The patterns revealed through data mining also sound a wake-up call, says Sinatra. They show a systematic bias toward women and some minorities, meaning that those researchers’ papers are cited less frequently. And a select group of prestigious institutions dominate where discoverers are trained, leading to a constriction of the areas researched as well as the makeup of the entire scientific workforce.

“These biases lead to resources such as grants and faculty appointments being concentrated on particular groups, including white males living in North America,” says Sinatra. “This is a big issue. We and other researchers studying the science of science are continuing to collect data and quantify the magnitude of this bias.”

She and her coauthors conclude that perhaps the best way to ensure the continued generation of new discoveries may be to focus not on predicting individual breakthroughs but on encouraging “a healthy ecosystem of scientists.”

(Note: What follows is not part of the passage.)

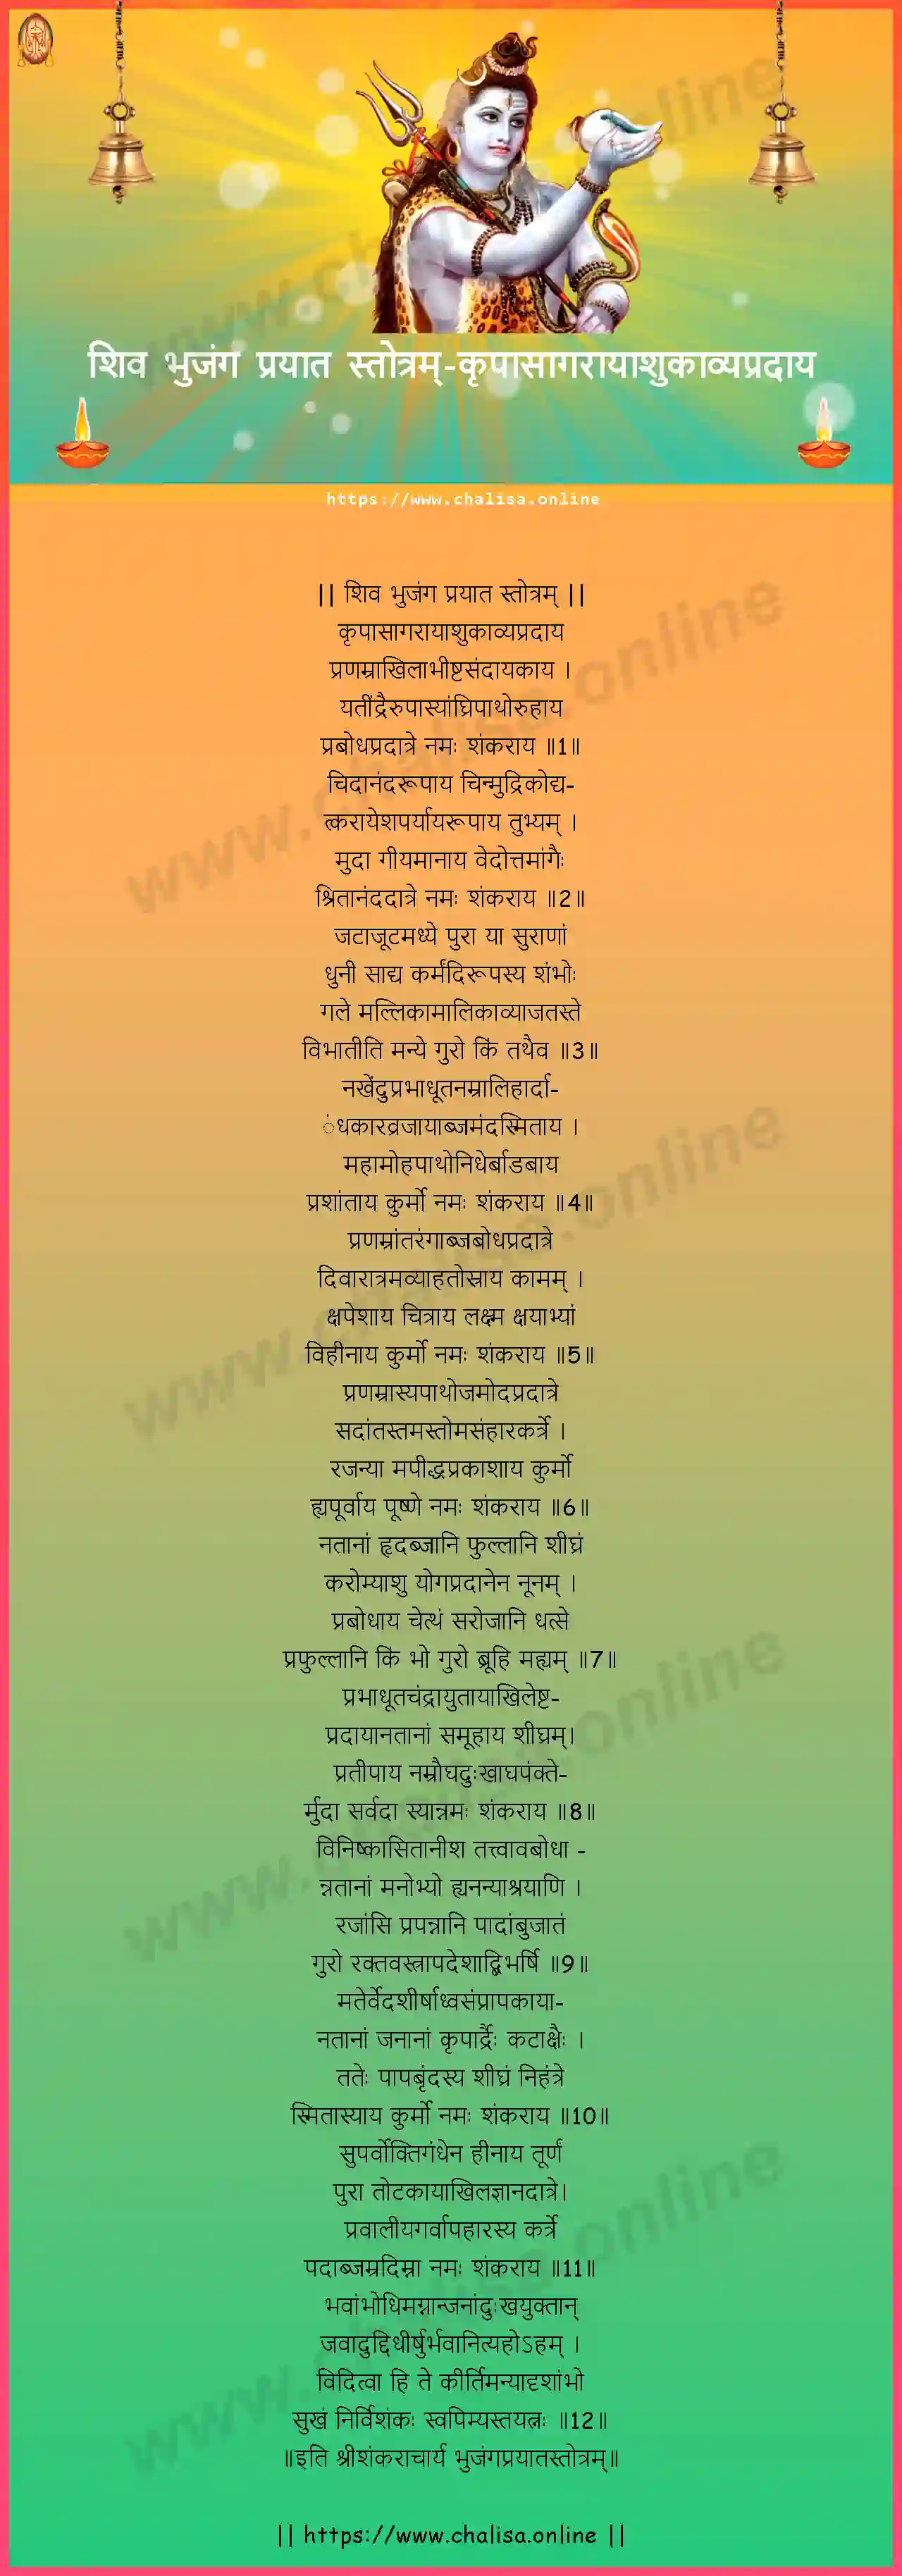 krpasagarayasukavyapradaya-shiva-bhujanga-prayata-stotram-konkani-konkani-lyrics-download

“As physicist Freeman Dyson notes in his essay Birds and Frogs, a discovery is not made by just one individual or via one project but by a community, an ecosystem,” says Sinatra. “So what we have to nurture is not just individuals but the entire ecosystem. That means emphasizing the work of the visionaries—the ‘birds’ of the ecosystem, who see the big picture—as well as that of the ‘frogs,’ who see the details and do the technical work fundamental to the whole. Indeed, if we destroy that balance, we might destroy the entire process of discovery.”